…by Amy / from Canada / PhD Population Health Sciences / 1st Year
To most people without any background in medicine or health science, the term “palliative care” is either unheard of or misunderstood. It is often perceived as a synonym for end of life care. Upon initial encounters, whenever others ask me what my Ph.D. is about, “that’s so depressing,” “I don’t know how you do it,” and “that’s really impressive” would be the most common responses I would get. As I elaborate further that my research is specifically on paediatric palliative care, most people would express that they have no idea how I can handle the emotional distress attached to it. To most practitioners and researchers in the field of medicine, being able to accept death is perceived as one of the most significant challenges to overcome. Our first ever experience of patient death is often one of the most memorable and hardest ones to overcome.
Dissimilar from most medical researchers and clinicians, my first ever patient who passed away happened to be a four-year-old child instead of someone who has had the opportunity to live their life to the fullest. Although she turned just four years old only a month before she passed away, she was, in fact, the child with the most impressive vocabulary I have ever encountered. During that time, she has already lost all of her hair due to the aggressiveness of her chemotherapy treatment; the countless number of bruises on her limbs made her appear extremely fragile. “I used to have long strawberry blonde hair, I used to be really pretty” was one of the first things she said to me during our first ever encounter. Then I immediately realised that she wants others to look beyond her condition and know her as the child she was before her diagnosis instead of simply labelling her as a cancer patient. Afterward, I attempted to earn her trust by asking questions about her life back home. Such as: who her best friends are, what her favourite TV shows are.
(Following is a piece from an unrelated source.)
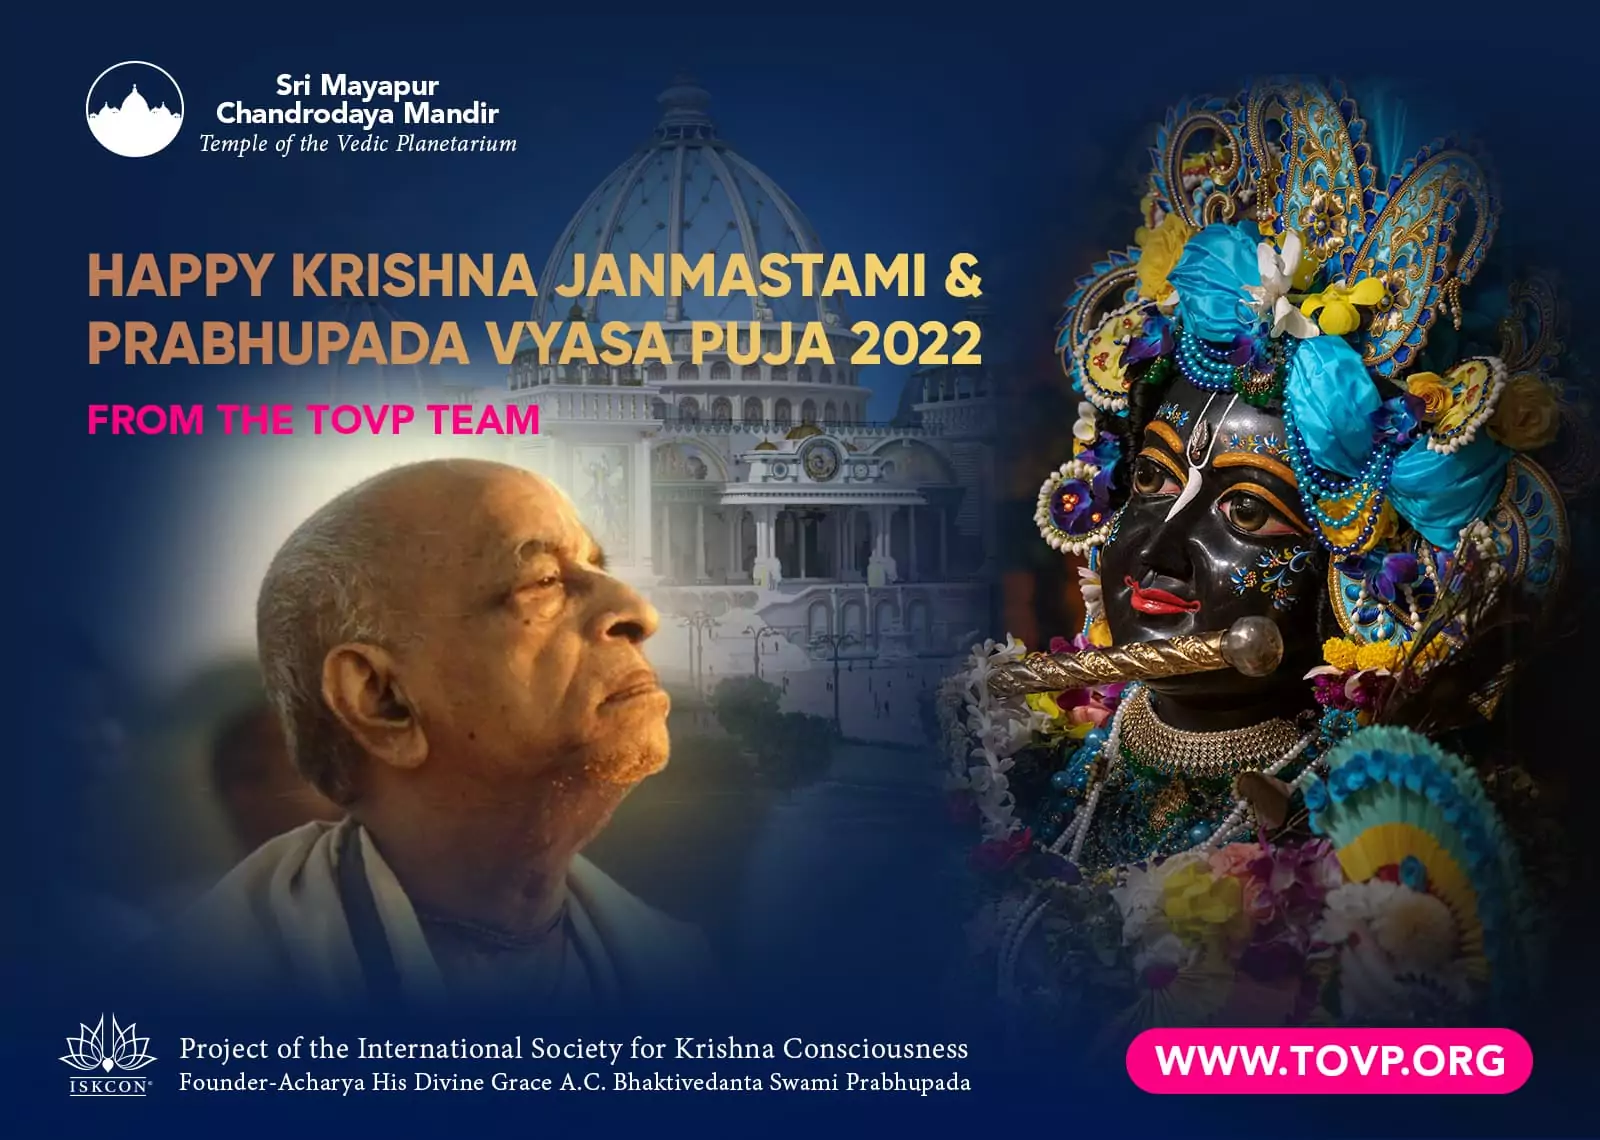 来自 TOVP 团队的 Krishna Janmastami 和 Prabhupada Vyasa Puja 2022 快乐

She then opened up to me immediately and voluntarily told me all of her experiences and feelings from when she first received her diagnosis and adapting to hospital life. It then became apparent to me that it is much more likely to earn a child’s trust if more considerable effort is put into understanding who they are as children.
Before our first meeting, when I first saw the three letters A-M-L on her patient information sheet, I couldn’t help but feel sorry for the child’s family. Leukaemia represents the most common type of paediatric malignancy. Acute lymphoblastic leukaemia (ALL) and acute myelogenous leukaemia (AML) are the two most common types of leukaemia found within children. Compared to ALL, which has a 5-year survival rate of 95%, the survival rate for AML patients is only~65%. As much as I assumed how tragic the life of that child’s family would be, I was in fact extremely impressed by the outgoing and expressive personality of the child during the process of invasive procedures.
After her death, I became familiar with the term “palliative care” and understood that one of its main goals is to help patients preserve their dignity even until the end of life. Meeting her made me realize that paediatric cancer is not the identity of children with cancer, although it may have tremendously invaded their lives. Instead, it is essential to separate their condition from them and understand who they actually are as children. Her death will never be forgotten, but she will continue to become my inspiration to promote dignity in patients with life-limiting illnesses. This is what happens when the past loss becomes a new inspiration.